Survivors and Their Stories: Sexual Assault on Campus
The Sexual Assault Prevention and Awareness Center, or SAPAC, was created after an anti-rape sit-in in 1985. Three years later, SAPAC opened their 24-Hour Crisis Line and twenty years after that they initiated a nationally renowned program called "Striving for Justice: A Toolkit for Judicial Resolution Officers on College Campuses."
Since its inception, SAPAC has been fighting against myths about rape and educating students and faculty on the prevalence of acquaintance rape, the fact that rape is never the survivor’s fault, the resources are available to survivors, and how to be a support system for a friend that has experienced the trauma of sexual assault. U-M was one of the first universities in the country to provide information to incoming freshmen during summer orientation about acquaintance rape and safety.

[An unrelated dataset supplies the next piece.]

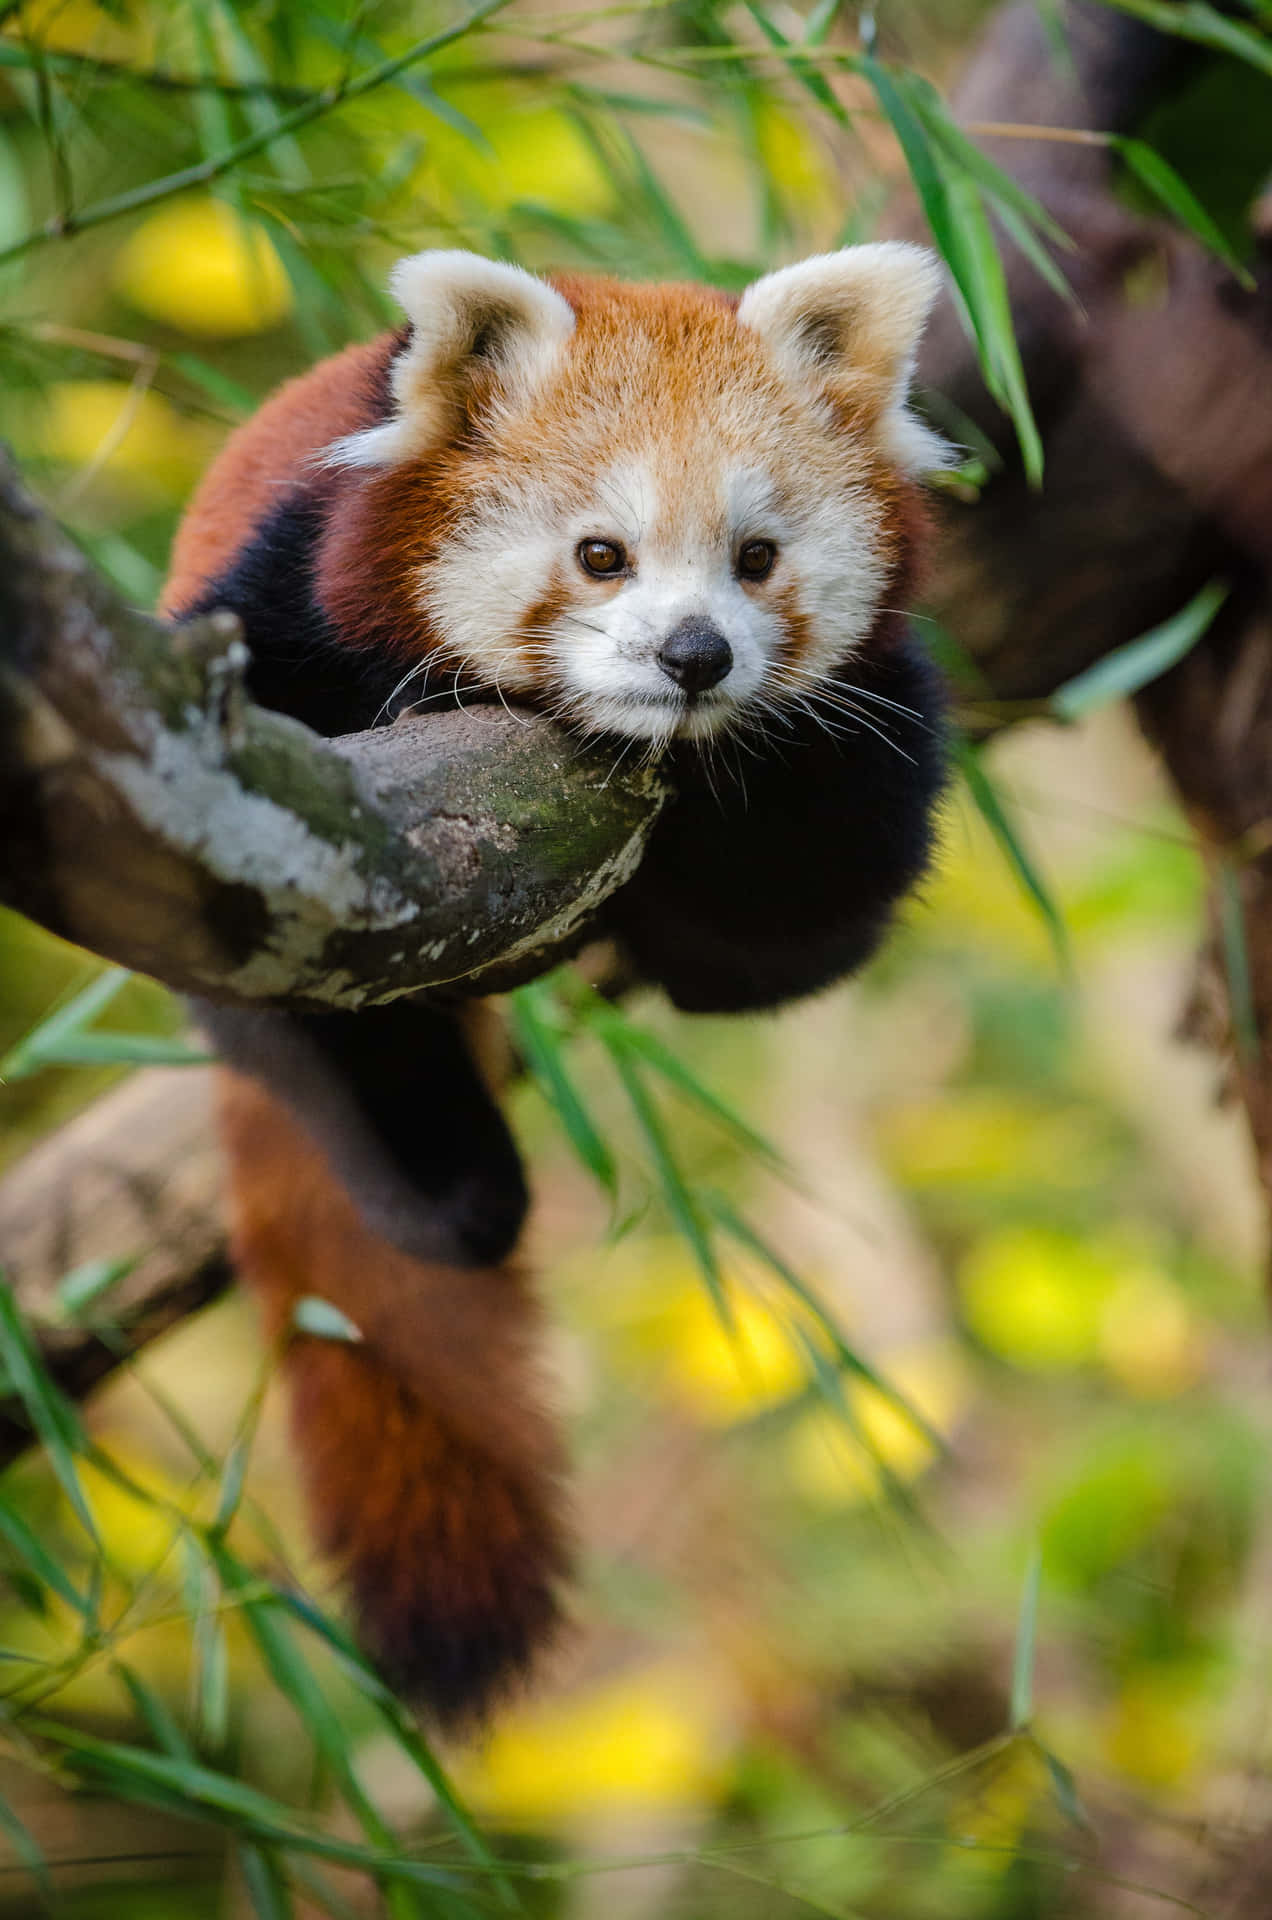 Cute Red Panda Sitting in a Tree¬¬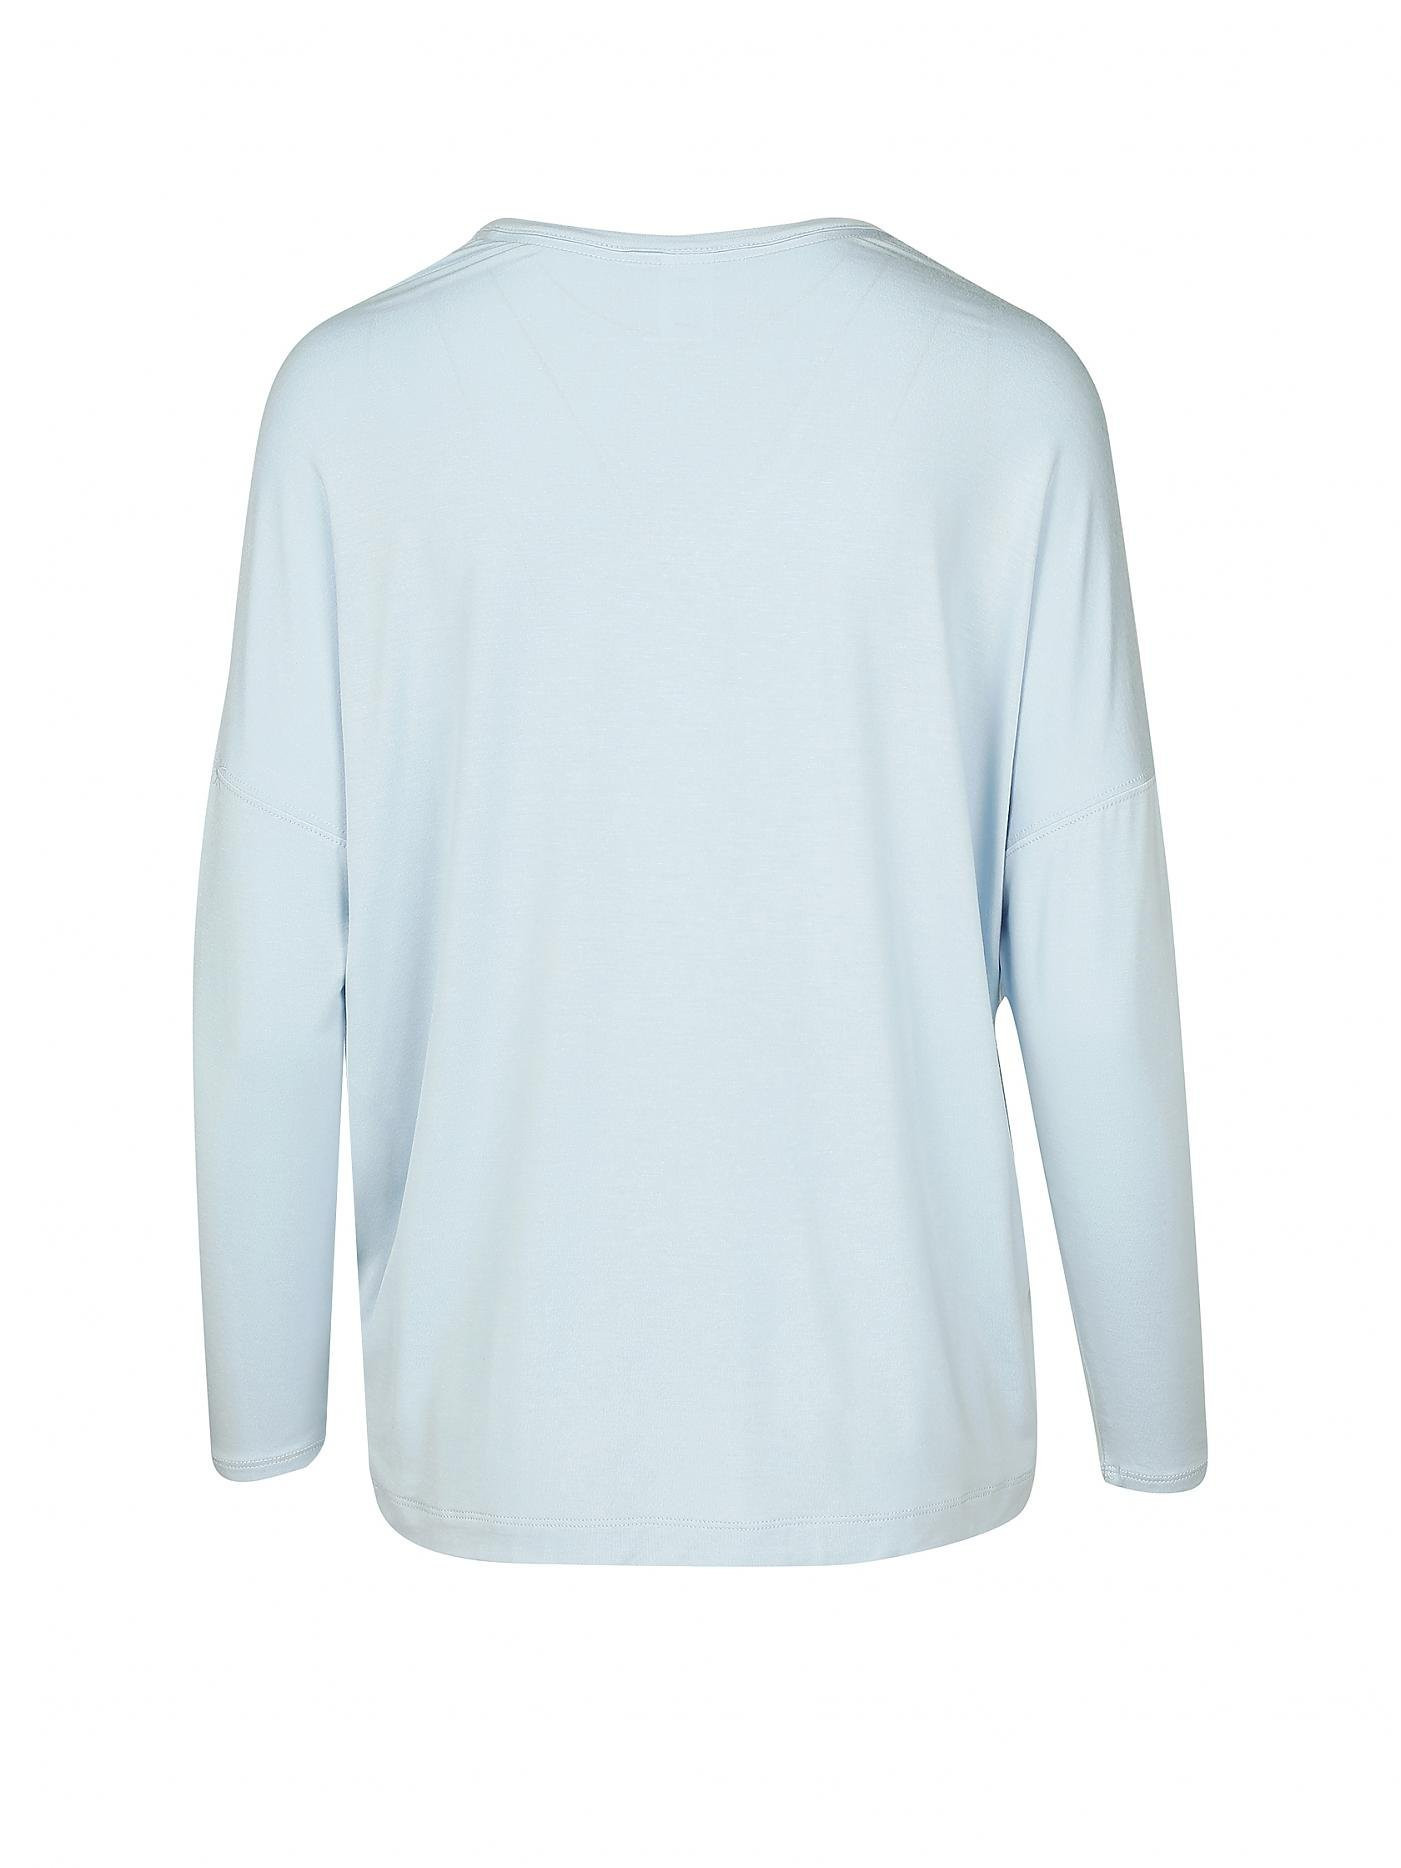 Dámské triko na spaní model 8390794 modrá - Calvin Klein Velikost: M, Barvy: Modrá

However, the office has received varying levels of support and respect across the campus over the years and their upward battle has been a long and grueling one. U-M had the first two sexual assault cases ever in which the assailant sued his female victim for defamation of character in a civil suit before there was a verdict in his criminal case.
Student athlete responses to the SAPAC Workshop Evaluation of 1999 revealed that many male athletes didn’t fully comprehend how consent to sexual activity is given — or, more gravely, not given. Responses across several different teams indicated that men felt they were being treated unfairly — that in peer education workshops given by SAPAC and similar organizations men were always portrayed as the “bad guy,” that women needed to learn how to “defend themselves,” and that women weren’t held responsible for their own actions. Several athletes on certain teams felt that they were being punished for the actions of the football team — the men of which had by far the most negative responses.
"U-M Sexual Assault Prevention and Awareness Center," U-M Sexual Assault Prevention and Awareness Center Records, 1985-2009, Bentley Historical Library, University of Michigan.